Orel Bello for AWS Community Builders

Posted on May 29 • Originally published at Medium

The 10 Commandments of Working in Production

#aws #devops #sre #tutorial

Intro

What scares you the most?

Some say spiders, some say clowns, but what scares Engineers (both DevOps and Developers) the most is a P0 incident, where production is down.
Want to make it even scarier? Imagine that you’re the one who’s responsible for it.

When this kind of incident happens, it’s never pleasant, but is it really inevitable?
Production incidents unfortunately happen, and at some companies, they happen more than others.
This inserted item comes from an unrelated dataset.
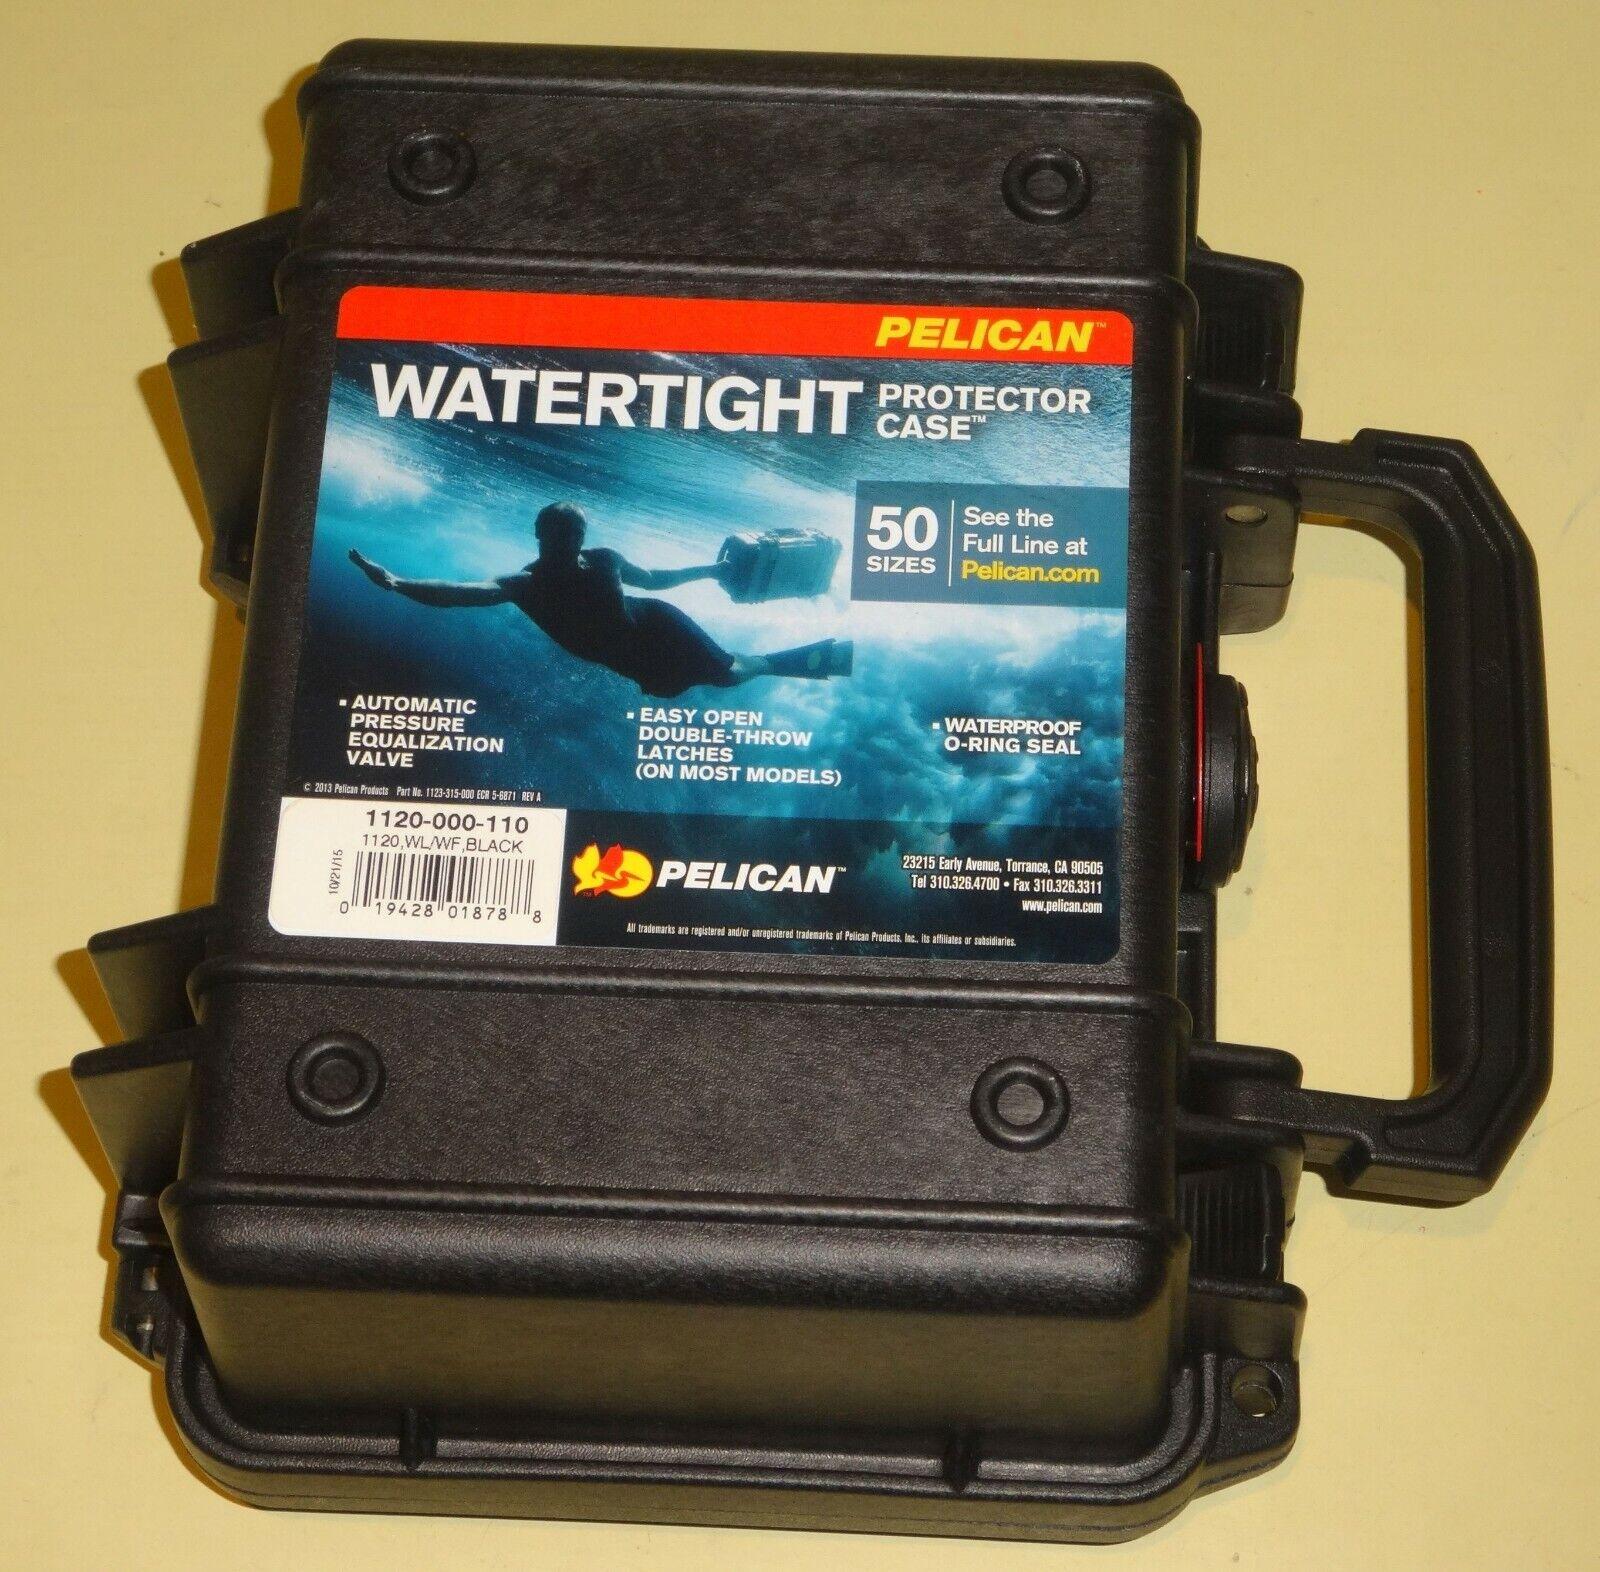 "Equipment Case with Foam: 6.5"" x 8.13"" x 3.5"" Color: Black"

They say that you can’t be a true Senior Engineer if you don’t have a few Production incidents with your name on them, but that doesn’t mean we want to break production intentionally. We’d like to avoid it as much as possible, and even though we can’t completely eliminate it, with the right methodologies, we can definitely reduce it.
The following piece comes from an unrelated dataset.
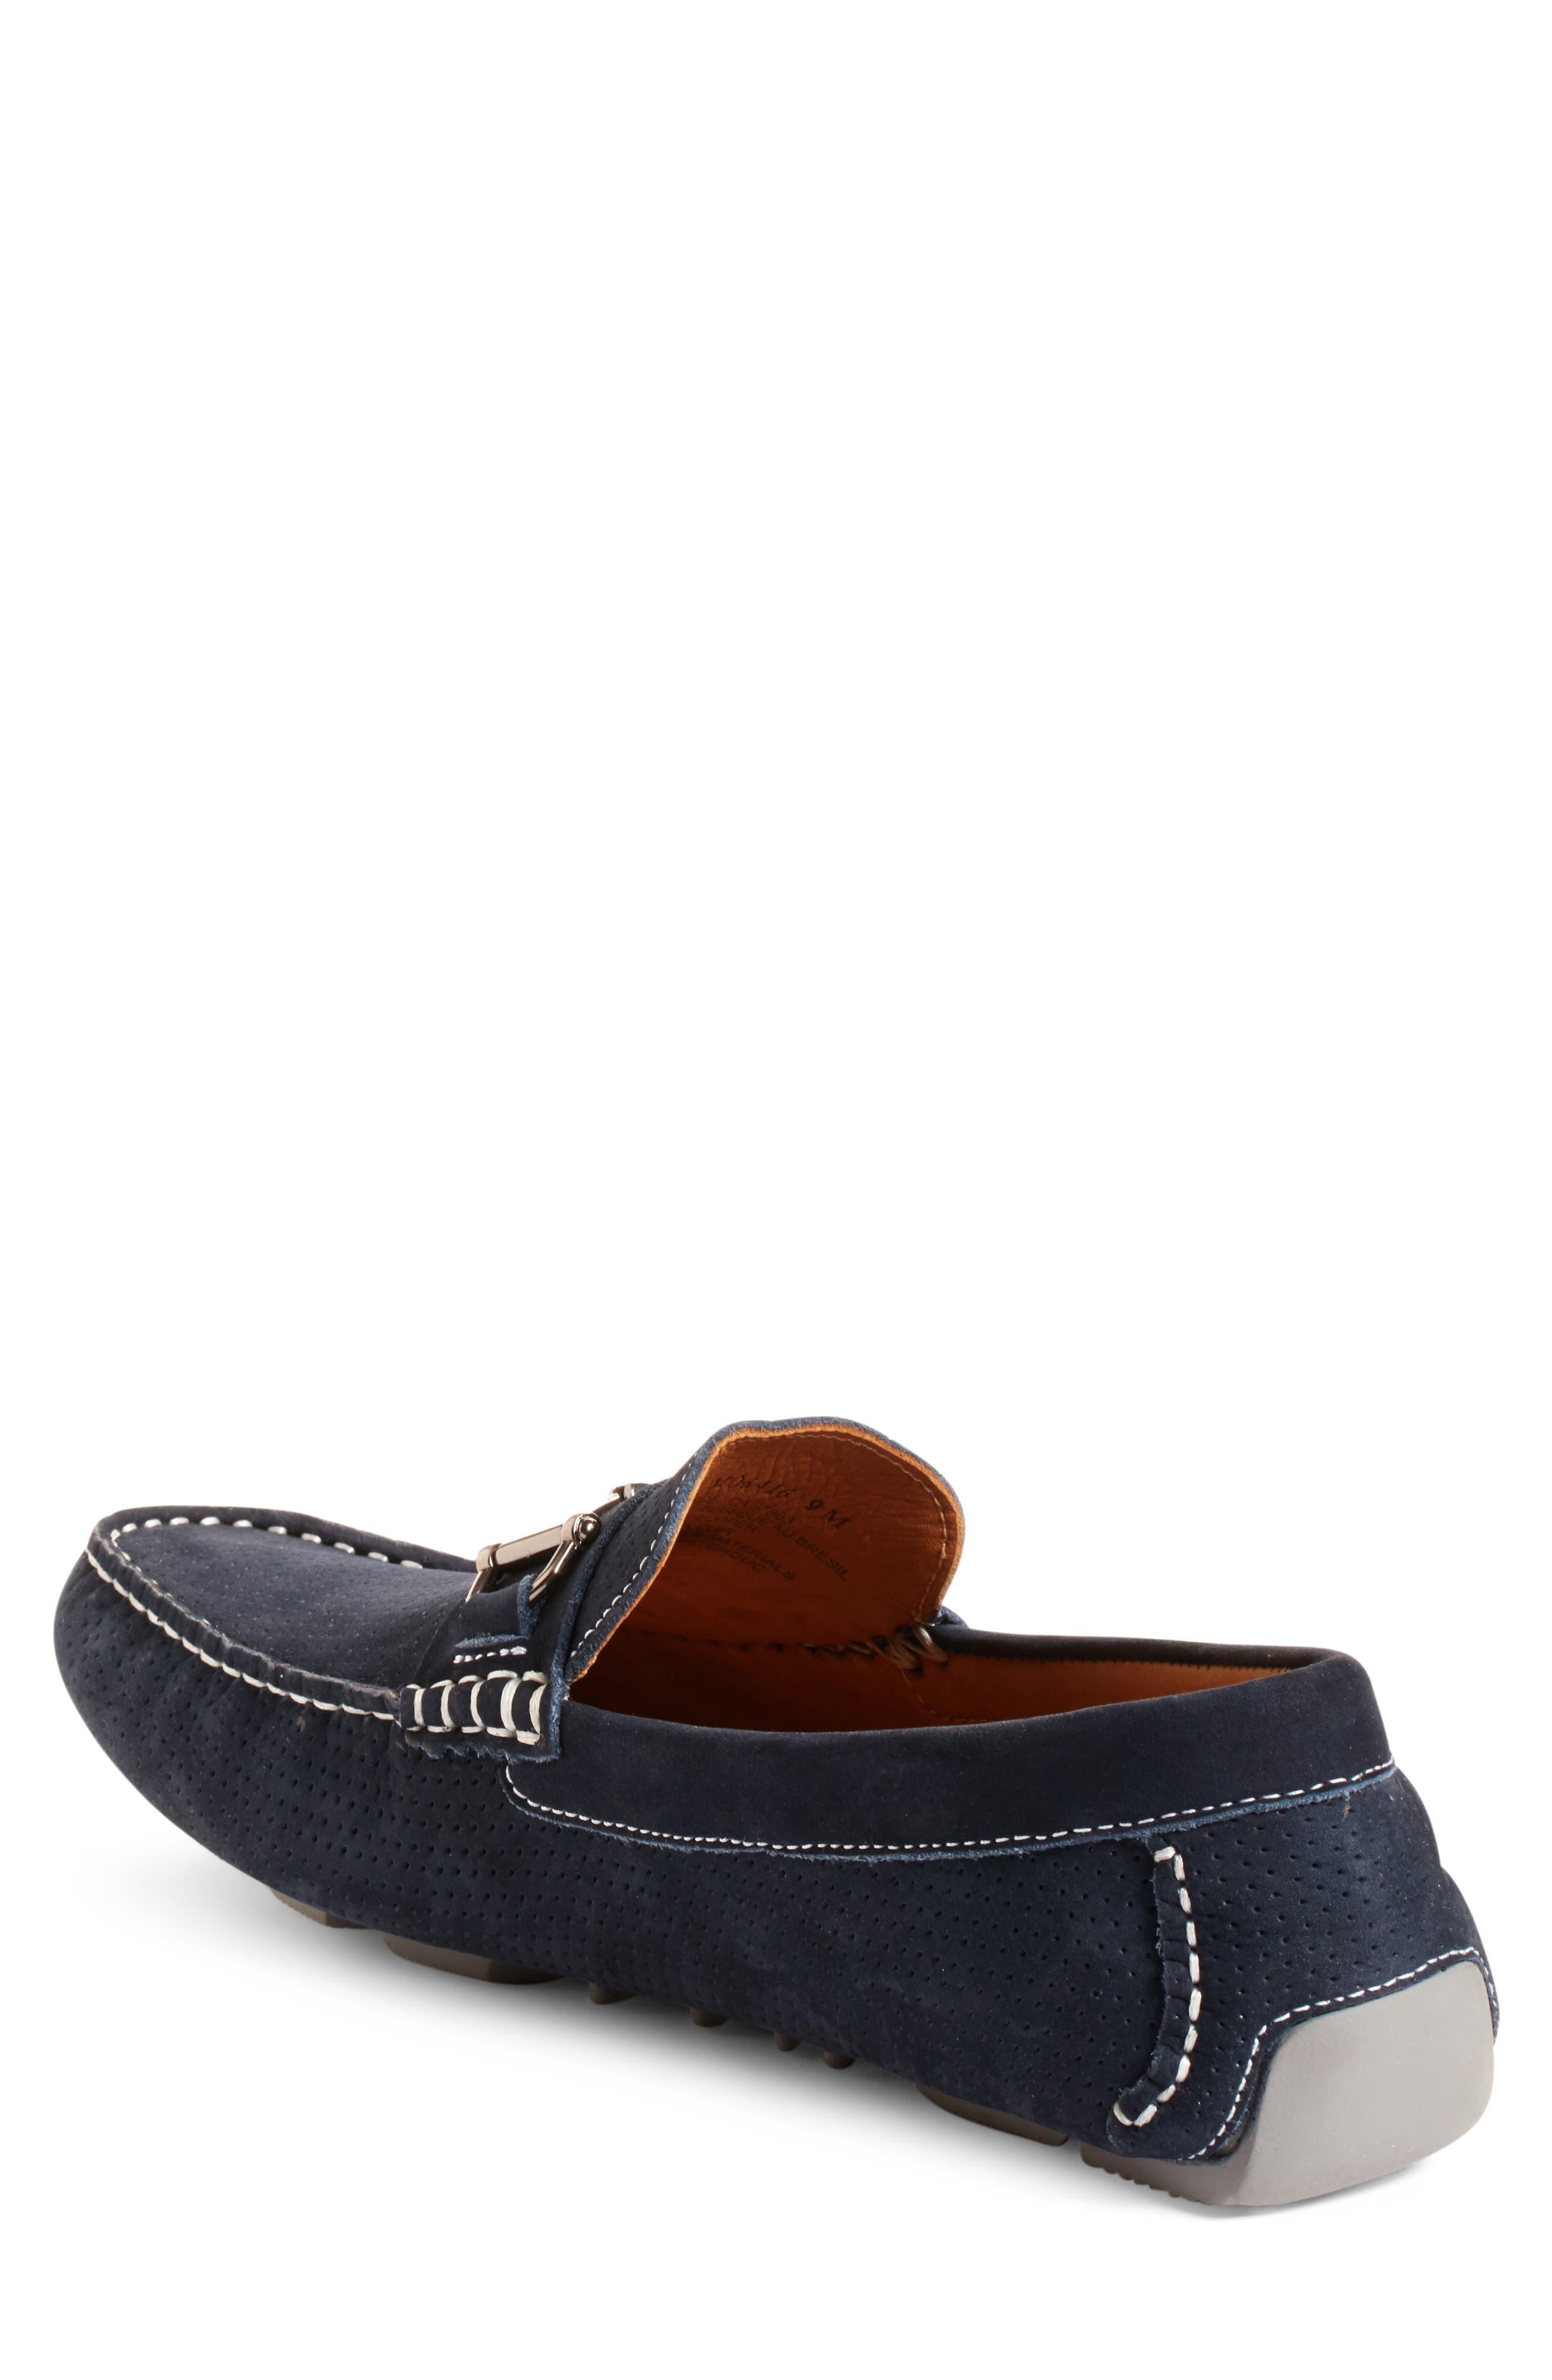 Alternate Image 2  - 1901 Destin Driving Shoe (Men)

So, let’s learn how to do it, but first, let me introduce myself.

About Me

I’m Orel Bello, an AWS Community Builder and a passionate DevOps Engineer with over 4 years of experience, including the past 3 years at Melio. My tech journey began during my military service as a Deputy Commander in the Technological Control Center for the Israel Police. After earning a B.Sc. in Computer Science, I started as a Storage and Virtualization Engineer before discovering my true calling in DevOps.

Now an AWS Certified Professional in both DevOps and Solutions Architecture, I specialize in building scalable, efficient, and cost-effective cloud solutions.

So you can imagine that I have some experience as a production breaker (and also as a breakdancer, but this is for another blogpost).

WARNING! THESE RULES WERE WRITTEN IN BLOOD!

1. Always have a rollback plan

The first thing that you need to do when you’re touching a Production environment is have a rollback plan.

Let’s say that you need to modify some resource. What if this modification will cause an outage? You need to be prepared. Like they say: Hope for the best, but prepare for the worst. Better be safe than sorry.

Playbooks and documentation can save lives. So even if you’re making a small change, it’s important to prepare a rollback plan ahead of time.

Are you touching the DB? Make sure to take a Snapshot before you do.
Changing a secret, SSM Parameter, or even an IAM Policy? Make sure to save the original value in a safe place.
The examples are endless, but the concept stays the same. Always be sure to have a rollback plan in case things get messy.

2. Timing is everything

Do you have production-related work to do? If you can, always schedule it for the very beginning of the workweek, especially if you’re collaborating across time zones.That’s usually when traffic is lighter, so if your change requires downtime or carries some kind of risk, it’s safer to do it when fewer clients are actively using your system.

We also have the opposite rule that completes the circle — never perform a production change right before the weekend. In just a few hours, the entire company will be offline, and trust me, you don’t want to be the one who forces people back online to fix an issue.

For that same reason, the very end of a working day isn’t the best time for sensitive tasks, either.

3. Work on Dev before Prod — gradually

If you have no idea what a development or QA environment is, stop everything you’re doing right now and go build one.

On a best practice methodology, we always want to avoid testing features in a live Production environment.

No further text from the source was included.